**Information provided**
<<<<
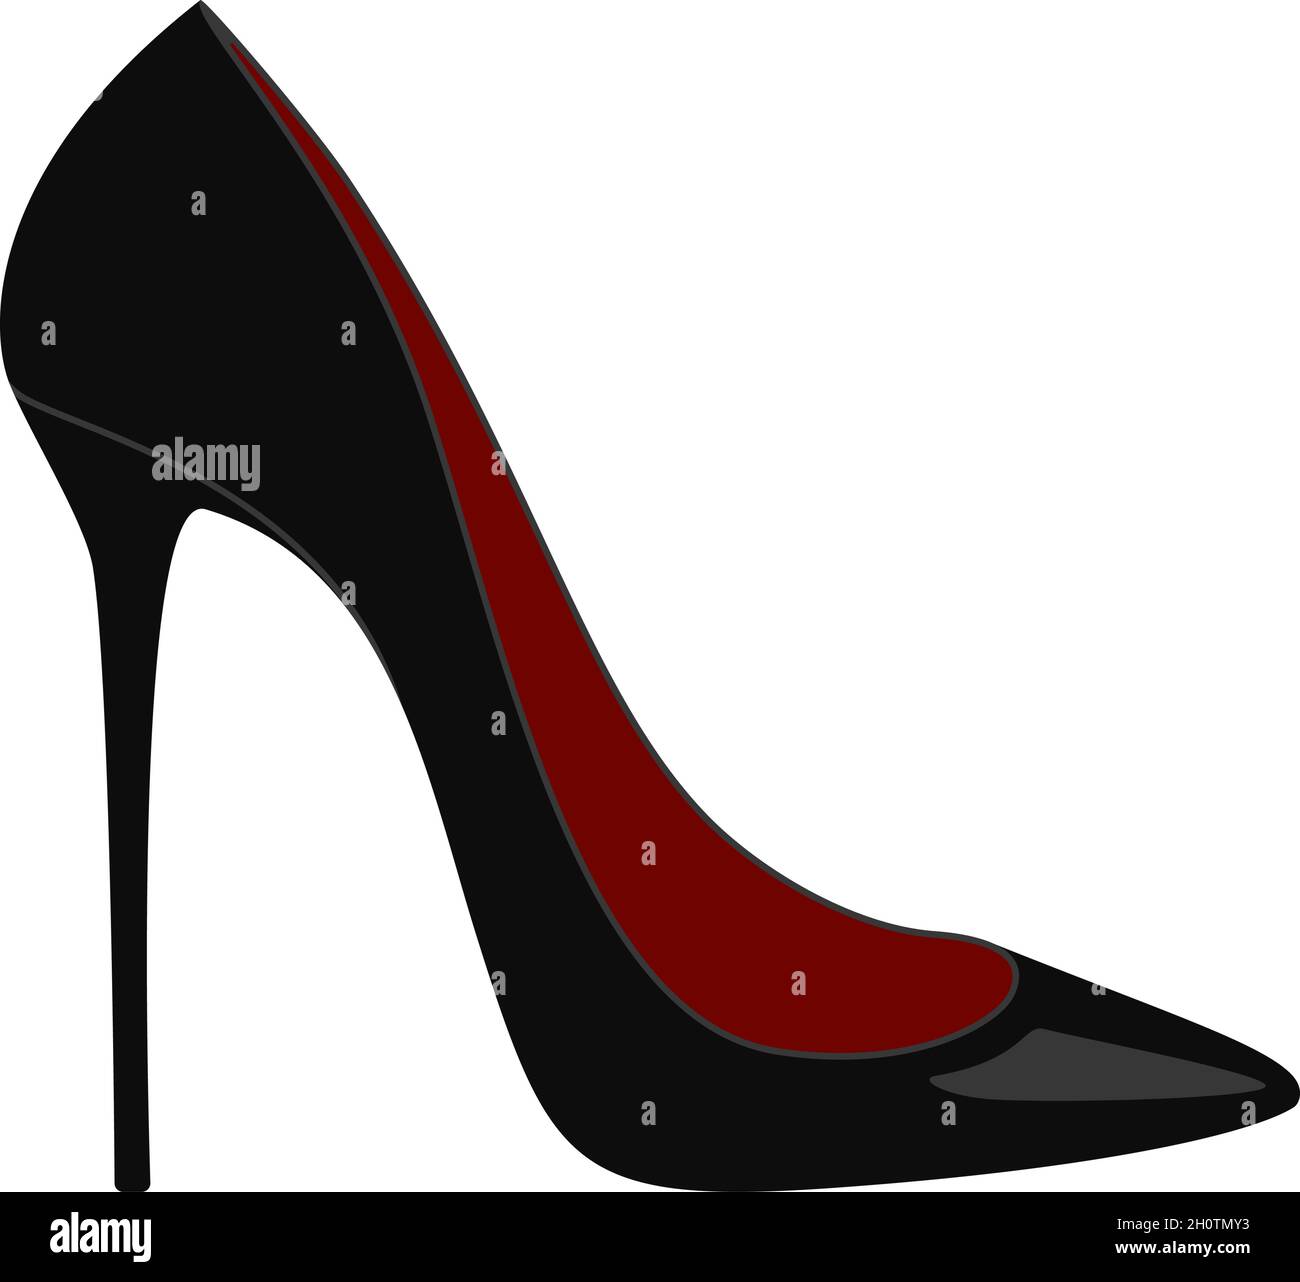 Elegant high heel shoe or stiletto in black and red vector icon Stock Vector
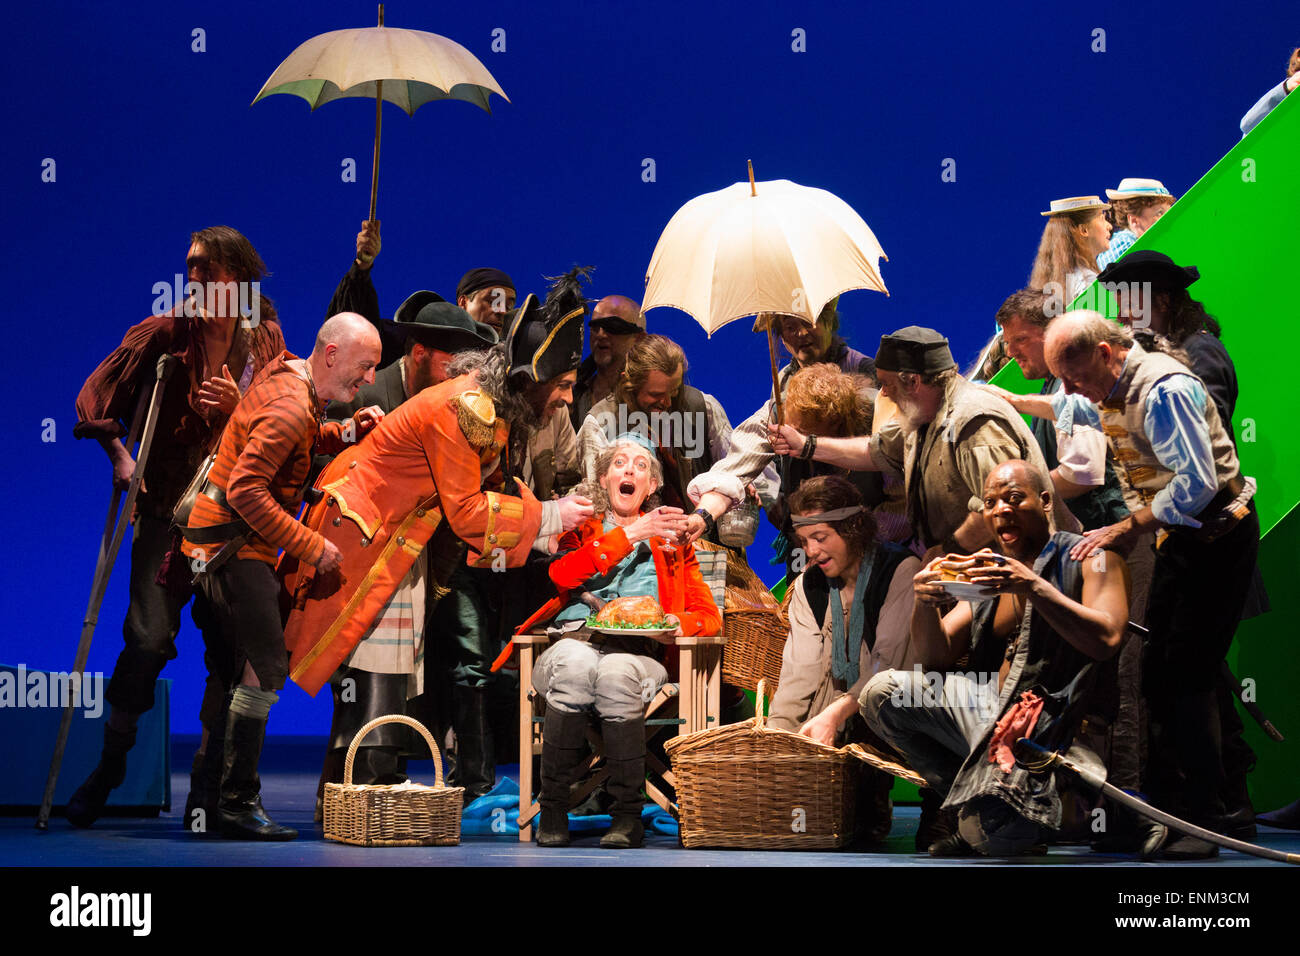 London, UK. 7 May 2015. Dress rehearsal of the Gilbert and Sullivan comic opera 'The Pirates of Penzance' at the London Coliseum. Award winning director Mike Leigh makes his operatic directing debut with The Pirates of Penzance. The ENO production opens at the London Coliseum on 9 May 2015 and runs for 14 productions until 27 June 2015. The English National Opera production is conducted by David Parry. Cast: Andrew Shore as Major-General Stanley, Joshua Bloom as The Pirate King, Alexander Robin Baker as Samuel, Robert Murray as Frederic, the Pirate Apprentice, Jonathan Lemalu as Sergeant of th Stock Photo
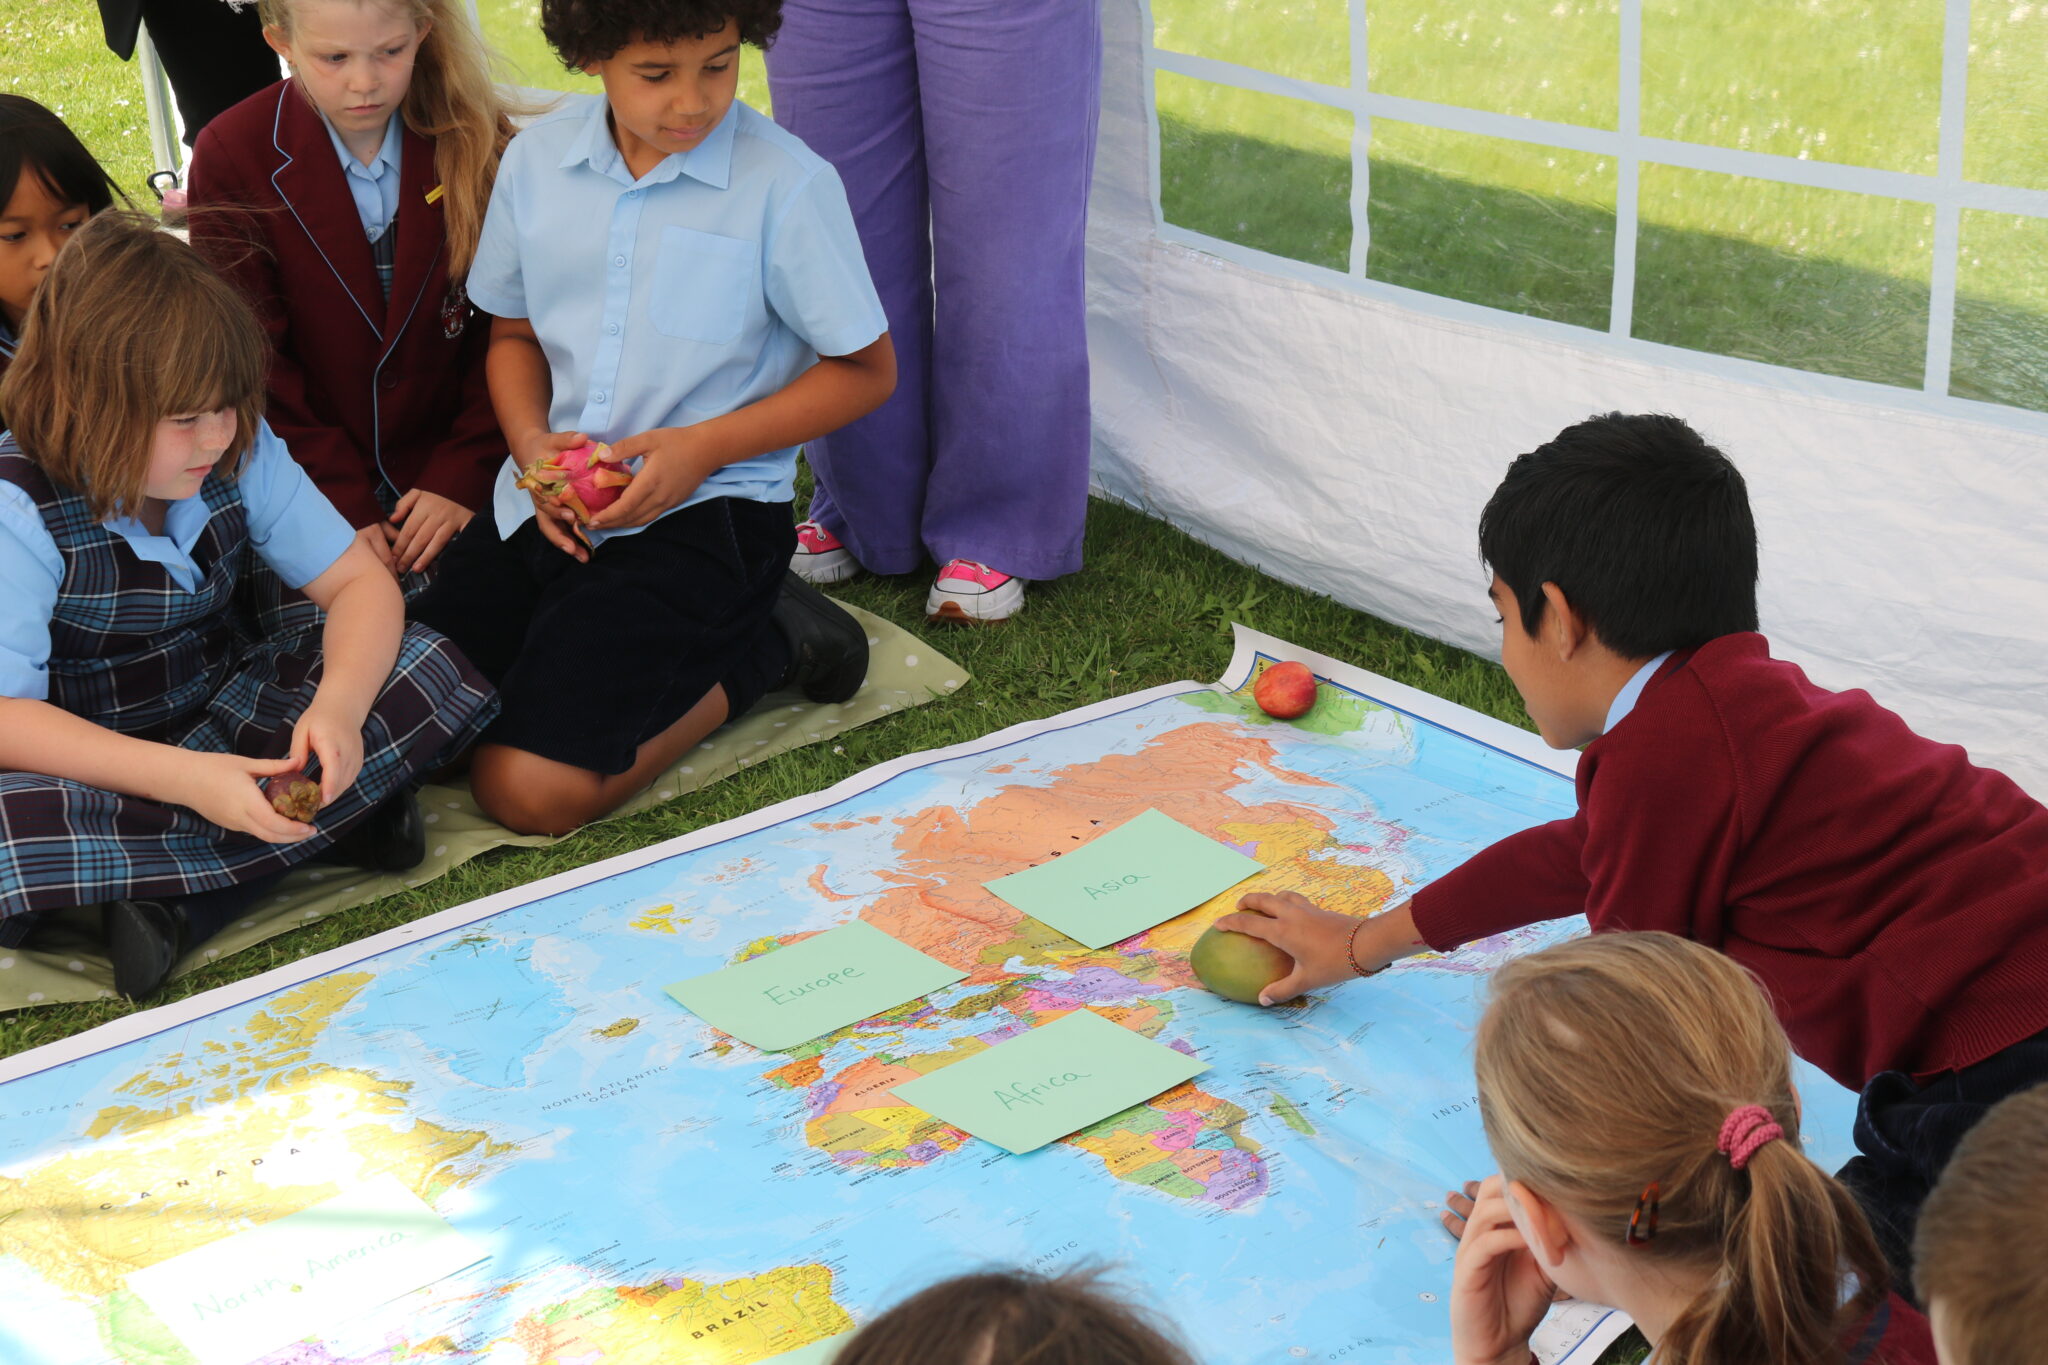 Children placing fruits on map of the world
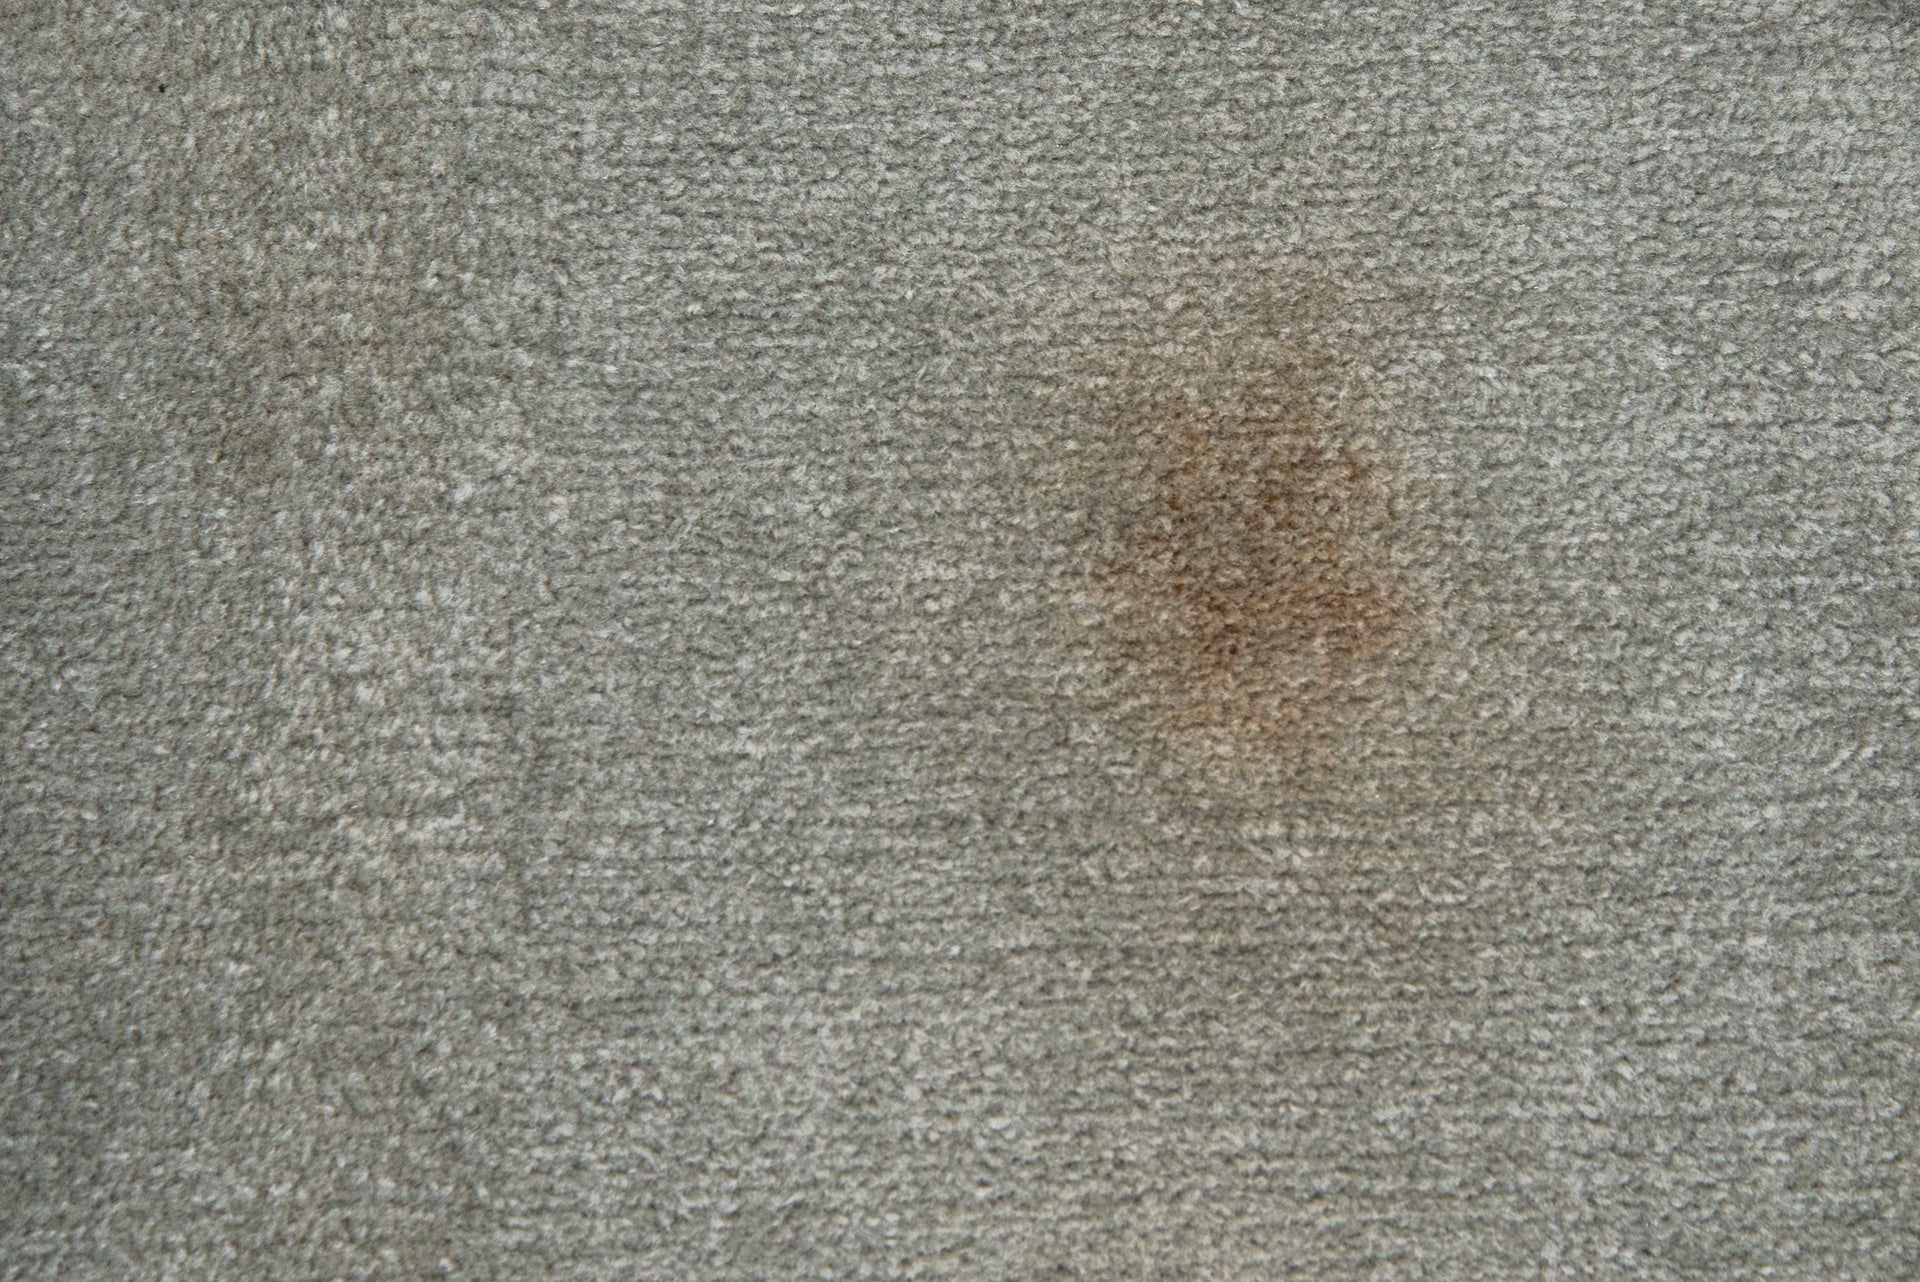 A faint ketchup stain after an initial pass with the Tineco Carpet One Pro
>>>>
The range to set down runs from the line containing "London, UK. 7" through the final line of the data, both ends included; give it exactly and drop the pictures.

**Response to this exercise**
 London, UK. 7 May 2015. Dress rehearsal of the Gilbert and Sullivan comic opera 'The Pirates of Penzance' at the London Coliseum. Award winning director Mike Leigh makes his operatic directing debut with The Pirates of Penzance. The ENO production opens at the London Coliseum on 9 May 2015 and runs for 14 productions until 27 June 2015. The English National Opera production is conducted by David Parry. Cast: Andrew Shore as Major-General Stanley, Joshua Bloom as The Pirate King, Alexander Robin Baker as Samuel, Robert Murray as Frederic, the Pirate Apprentice, Jonathan Lemalu as Sergeant of th Stock Photo
 Children placing fruits on map of the world
 A faint ketchup stain after an initial pass with the Tineco Carpet One Pro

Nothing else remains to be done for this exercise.